In Clark v. Certainteed Salaried Pension Plan, et al., No. 20-30059, __F.App’x__, 2021 WL 2620557 (5th Cir. June 24, 2021), Plaintiff-Appellant Terry Clark sought retirement benefits under the Saint-Gobain Retirement Income Plan (SGRI Plan), an ERISA-qualified plan that provides retirement benefits for employees of the Saint-Gobain Corporation and affiliated entities. A sub-plan to the SGRI Plan is the CertainTeed Corporation Salaried Employee’s Pension Plan (CertainTeed Plan), which is generally limited to employees of CertainTeed or select affiliates prior to January 1, 2001. Clark worked for a company starting in 1989 that was later acquired by a company that was part of a Saint-Gobain-controlled group of corporations. But it was not until 2007 that he transferred to a position with CertainTeed. Prior to this, he received paystubs reflecting “1-A Code,” which he contended meant that he was a CertainTeed Plan participant. In 2015, Clark requested and received two separate benefit-estimate statements from the Saint-Gobain Pension Administration Team which assumed he was a participant in the CertainTeed Plan. The statements included disclaimers that they were not a guarantee of benefits. In 2017, the pension administrator informed Clark that due to a coding error, they had placed him in the incorrect plan and that he was actually a participant in the Saint-Gobain Retired Accumulation Plan. He appealed this, claiming that he was part of the CertainTeed Plan. The Benefits Committee denied his appeal because he did not become a CertainTeed employee until 2007. After his appeal was denied, he filed suit under ERISA § 502(a)(1)(B) for the denied benefits. He also alleged an alternative ERISA-estoppel theory. The district court granted summary judgment to Defendants on all counts, which the Fifth Circuit affirmed.
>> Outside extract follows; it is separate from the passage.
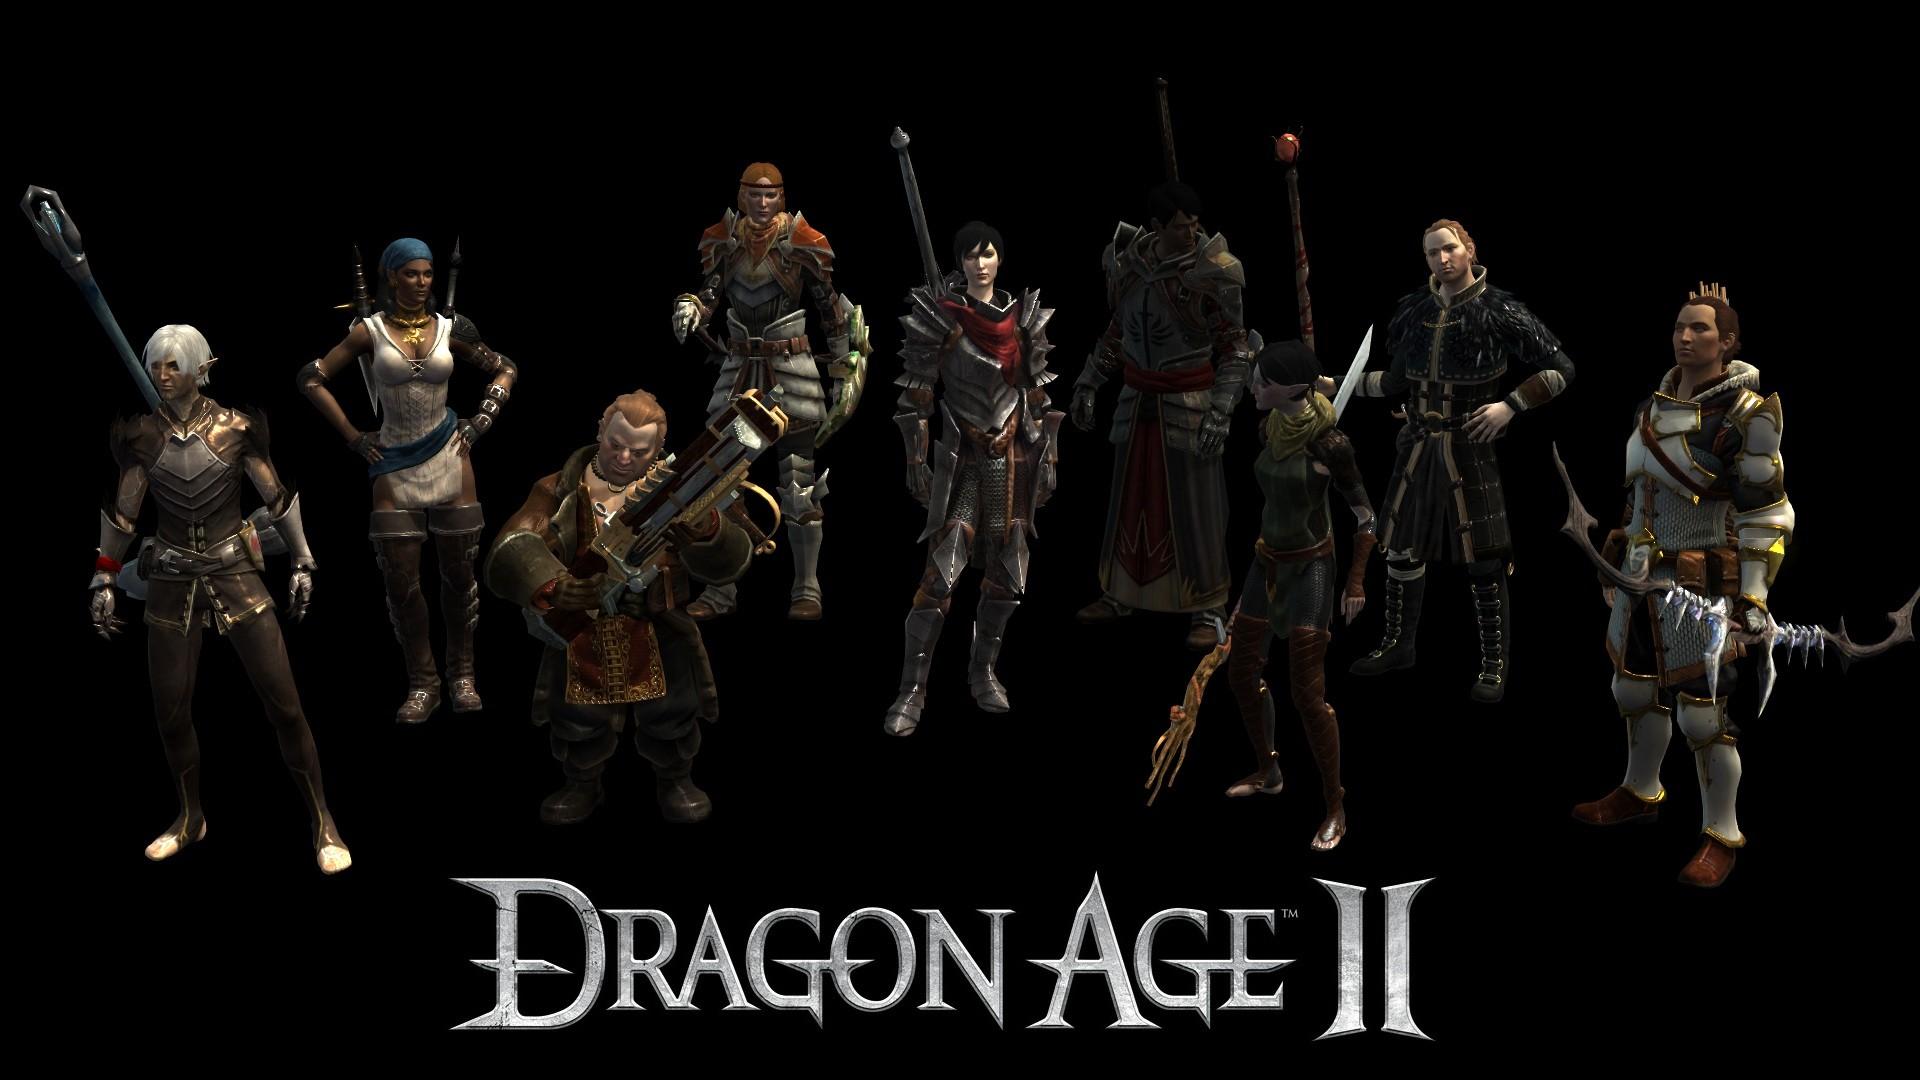 73 Dragon Age 2 Hd

The Fifth Circuit made several determinations. First, it agreed with Defendants that the district court erred in conducting a de novo review of the Benefits Committee’s interpretation of the CertainTeed Plan. The SGRI Plan expressly gives the Benefits Committee “such duties and powers as may be necessary … [t]o construe and interpret the [SGRI] Plan” and “decide all questions of eligibility and determine the amount, manner and time of payment of any benefits.” Because the CertainTeed Plan was a component of the SGRI Plan, the Benefits Committee was entitled to abuse-of-discretion review.

Second, the CertainTeed Plan clearly provides that “an individual who becomes an Employee on or after January 1, 2001 shall not be eligible to become a Participant.” Clark did not meet any of the exceptions to this requirement. None of the companies that Clark worked for before CertainTeed adopted the CertainTeed Plan so his time with those companies did not count towards his participation. Thus, under the plain terms of the CertainTeed Plan, Clark was not eligible for benefits.

Third, though Clark alleged procedural irregularities, the court did not find that the administrator acted improperly in listing Clark in its internal database and removing him in response to his inquiries about his benefits because “no amount of review can change the fact that Clark is ineligible for benefits under the plain terms of the CertainTeed Plan.”

Fourth, with respect to the ERISA-estoppel claim, Clark had to establish: (1) a material misrepresentation; (2) reasonable and detrimental reliance upon the representation; and (3) extraordinary circumstances. The court found that he did not articulate any reliance beyond conclusory statements. The court explained: “we can imagine ways in which Clark might have detrimentally relied on Defendants’ misrepresentations. Perhaps Clark would have left CertainTeed but stayed in order to receive benefits from the CertainTeed Plan. Or maybe he decided to pass up the opportunity to participate in another retirement investment. But Clark has failed to so much as articulate these positions. And it is not our job to speculate or litigate on behalf of a party.”

Fifth, with respect to the claim that Defendants breached their fiduciary duties, the court agreed that ERISA § 502(a)(3) provides individual relief for breach of fiduciary duty, however, Clark did not articulate how he was injured by Defendants’ actions, and this is fatal to his claim. He was not eligible for benefits under the terms of the Plan and any paystub code or benefits-estimate errors did not cause his ineligibility.

Lastly, with respect to Clark’s statutory-damages claim under ERISA § 1132(c), the court explained that Defendants did not violate ERISA § 104(b)(4) when they failed to timely send the 2015 benefit-estimate statements in response to his request for “copies of all vesting credits” and “account statements.” These benefit-estimate statements are not plan instruments because they do not establish or operate a retirement plan. Though the Benefits Committee did fail to send the entire SGRI Plan within 30 days of Clark’s request, Clark did not press this issue on appeal so the court did not disturb the district court’s grant of summary judgment on this issue.